I understand that the generally accepted explanation for the differences between the USA and Australia in this regard focuses on the sources of funding for campaigns.  In Australia, all campaign funds come from the party — individual candidates cannot raise money directly — where as in the US, there’s a combination of party-supplied and individually-raised funding.

That then suggests two possible reasons for the new-found Republican discipline:

  • Republican congressional candidates have started to take a larger fraction of their total campaign funding from the party itself; and/or
  • Advocacy groups that support policies we stereotypically associate with the Democratic Party have not been giving any money to Republicans.
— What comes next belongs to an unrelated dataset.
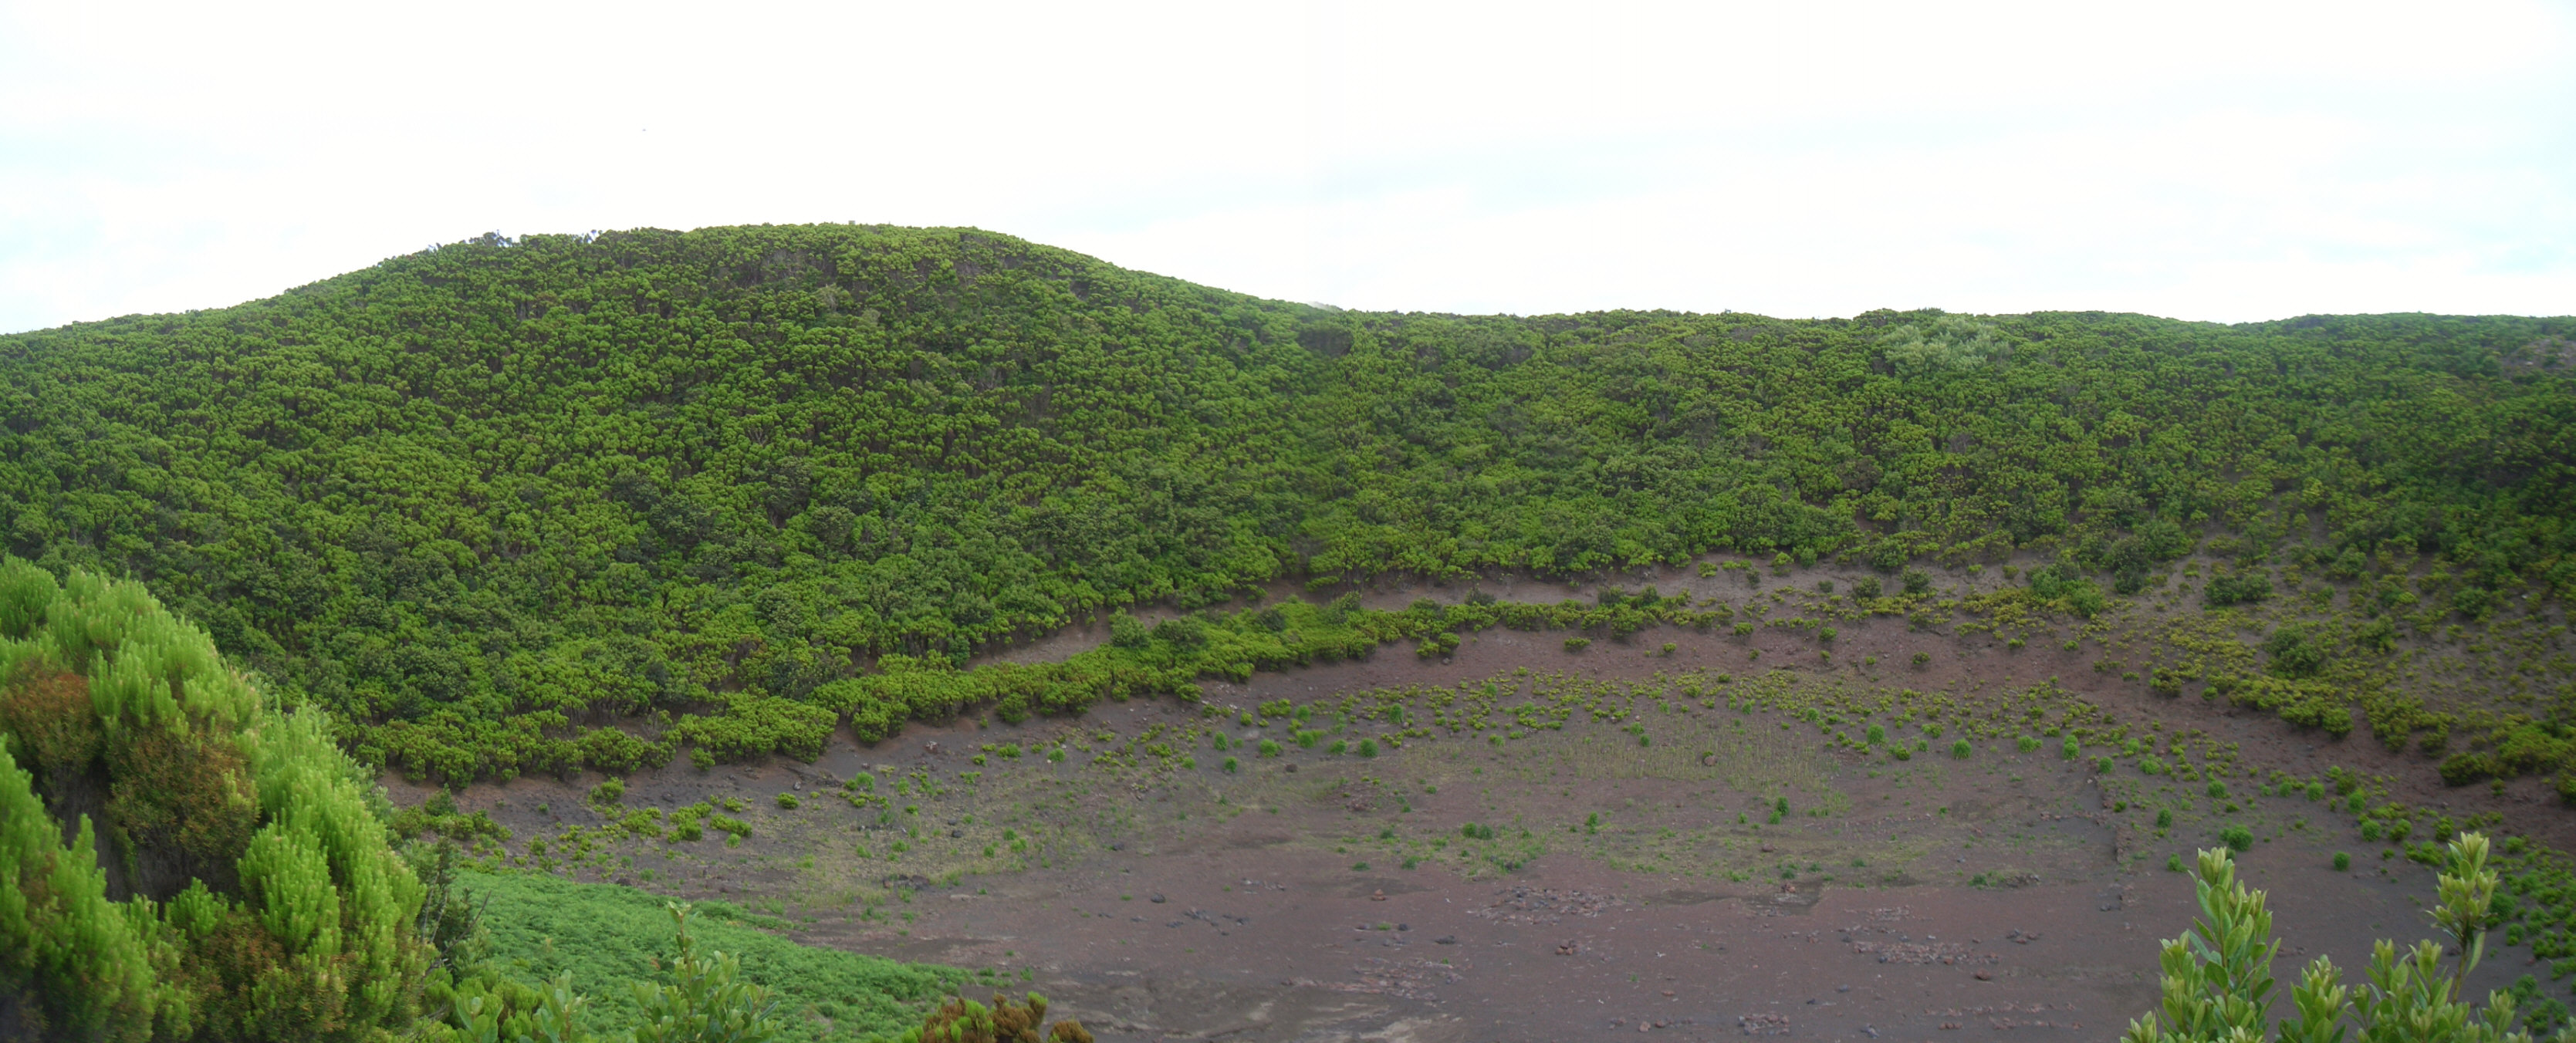 CIMG3316bis3317.JPG - Cabeco do Canto: Blick vom Kraterrand in den Kessel (Panorama).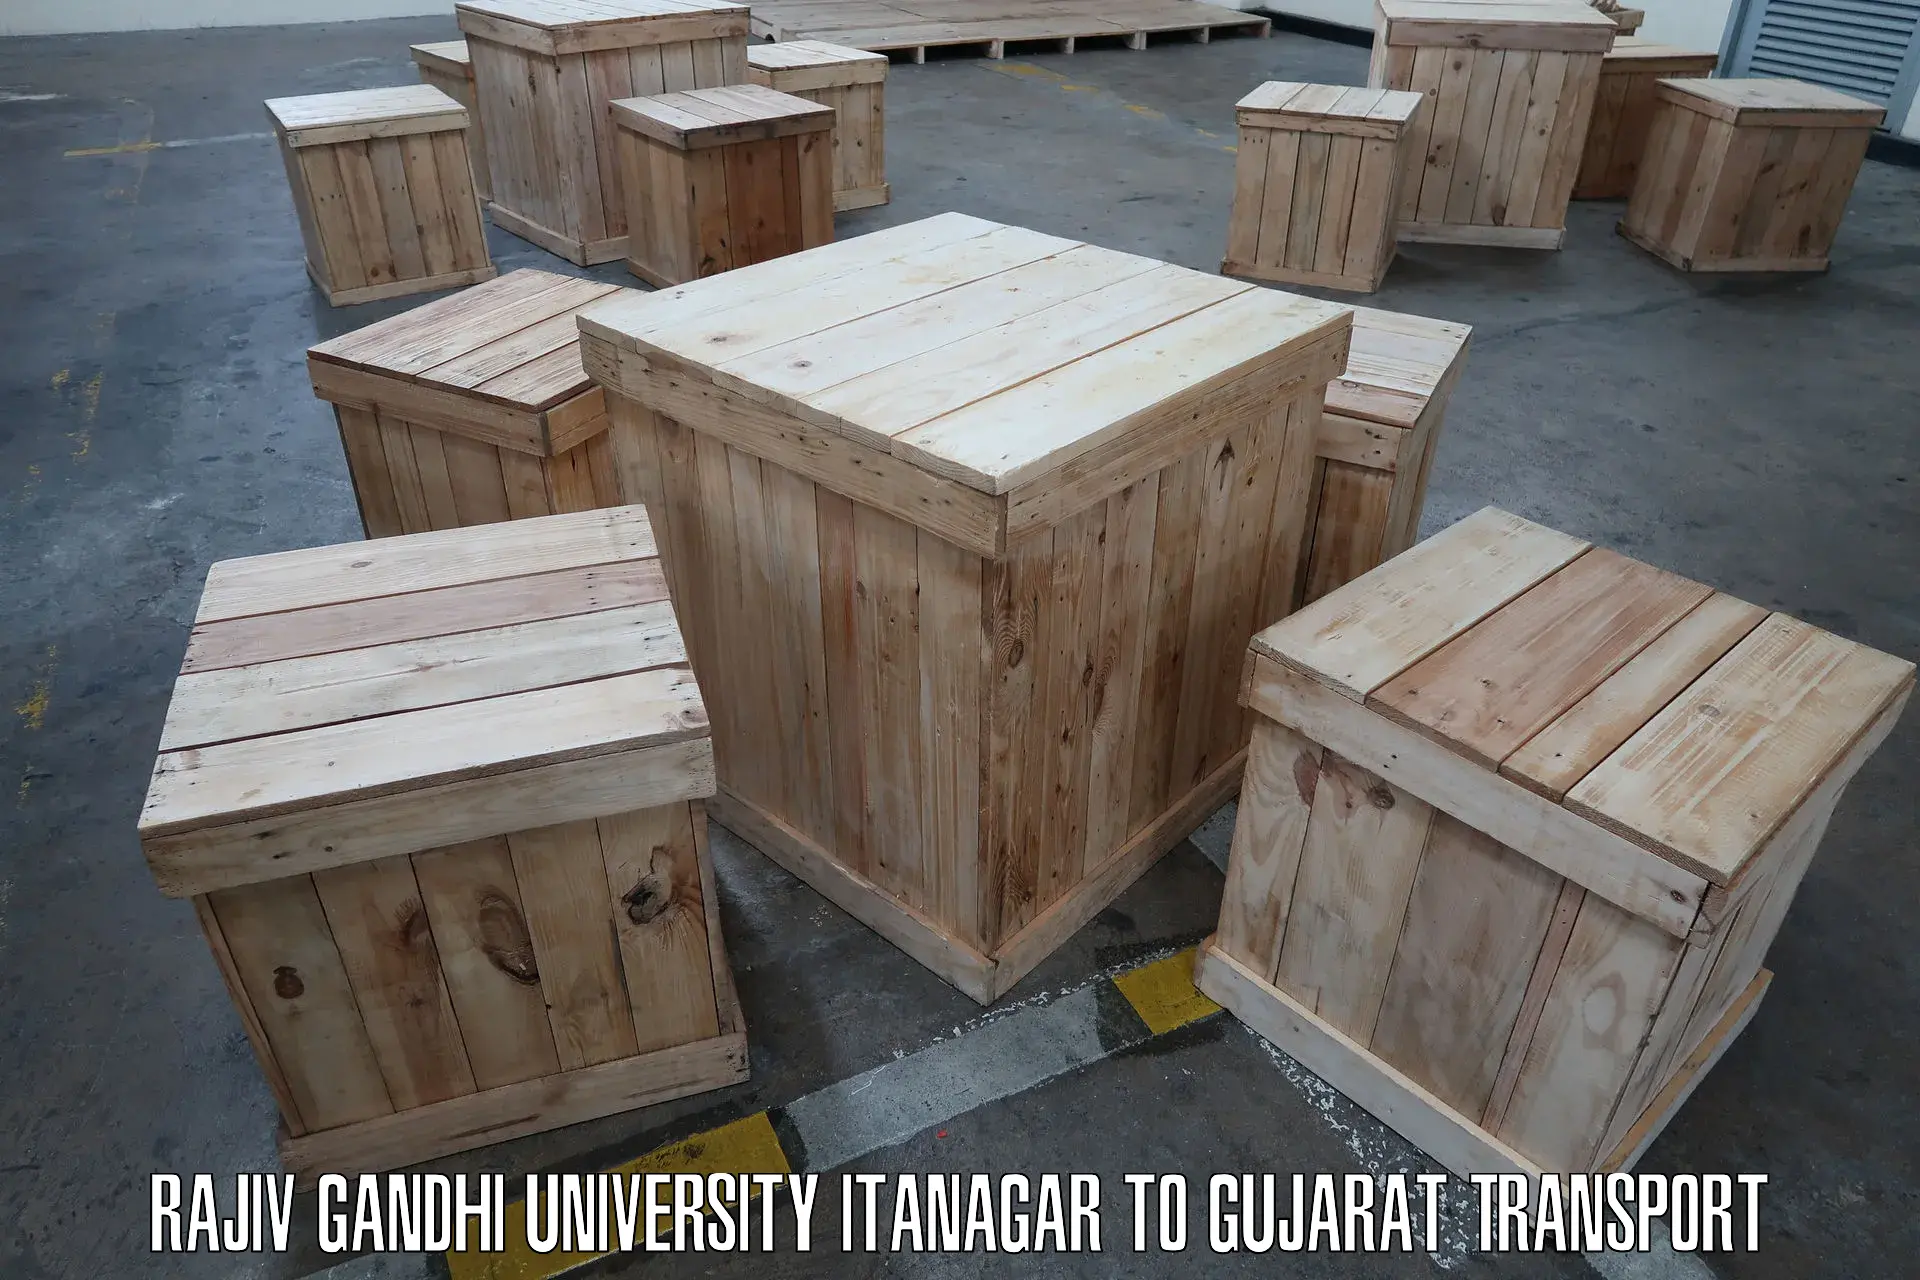 Transport in sharing Rajiv Gandhi University Itanagar to Jamnagar

If it is the second reason, then that is a tactical error, and a foolish one, on the part of those advocacy groups.

The dude at Macquarie …

The Reserve Bank of Australia just decided, somewhat unexpectedly, to keep interest rates on hold.  Channel 7 news needed to spin it into a story, though, so they did the usual thing of getting a talking head from the mythical (in Australia, at least) Macquarie Bank to say something.  Unfortunately, there was a guy in the background who chose that moment to look at topless pictures of Miranda Kerr.  Here’s the clip.  The guy starts looking at them at the 1:00 mark.

I don’t think he’ll be fired.

It looks like he was opening images from an email and that gives him a little cover.  If the sender was a Macquarie employee then they will have some serious problems, it being considered worse to send “offensive” material than to receive it.

The dude will probably get an official reprimand and he might not get the same pay rise as others in his team next time ’round (at the least, he was just demonstrably slacking off from work), but I think that’ll be about it for him.

I think that Macquarie will look at their email and web-browsing policy again and consider increasing the paranoid parameter of their filters.  There are plenty of algorithms for detecting skin tones in images and I’m 99% sure that they’ve been incorporated into email filters. It’s just a question of turning them on.

I think they’ll also reconsider their policy on having their talking heads stand in front of an office like that. I know they do it to look more important — I’ve taken 3 minutes out from my dazzlingly busy schedule to explain that your mortgage payments won’t change today, but will probably go up in a month or two. Gosh, don’t I look impressive? — but exactly this sort of stuff is the risk with which it comes.  I’ve seen other stupid things going on behind US presenters, so I don’t think they’ll stop the practice, but they might consider staging the background a little more than just sticking a big cardboard Macquarie sign in there.

In the end, it just shows what everybody working in an open-plan office already knows: the exact position and alignment of your desk is of crucial value.

Today’s must read: Russian economic development, as seen through McDonalds

Go here, at the NY Times, and read the article now.  I’ll give a few tiny snippets to whet your appetite, but you really do need to read the whole thing:

Today, private businesses in Russia supply 80 percent of the ingredients in a McDonald’s, a reversal from the ratio when it opened in 1990 and 80 percent of ingredients were imported.
[…]
From the day it opened the gates on the $50 million factory, McDonald’s had intended to hand out its functions to other businesses and eventually shut it down, said Khamzat Khasbulatov, the director of McDonald’s in Russia.

Arms-length transactions for supplies allow McDonald’s to step back from the interaction of franchisees and food-processing companies, sparing them a headache. Russia’s 235 restaurants have not yet been franchised.

“We knew from Day 1 that our goal was to outsource all its functions,” Mr. Khasbulatov said.

Today the restaurants in Russia employ 25,000 people, a number far eclipsed by the businesses in McDonald’s supply chain, which employ 100,000, Mr. Khasbulatov said.

That is successful economic development.  Right there.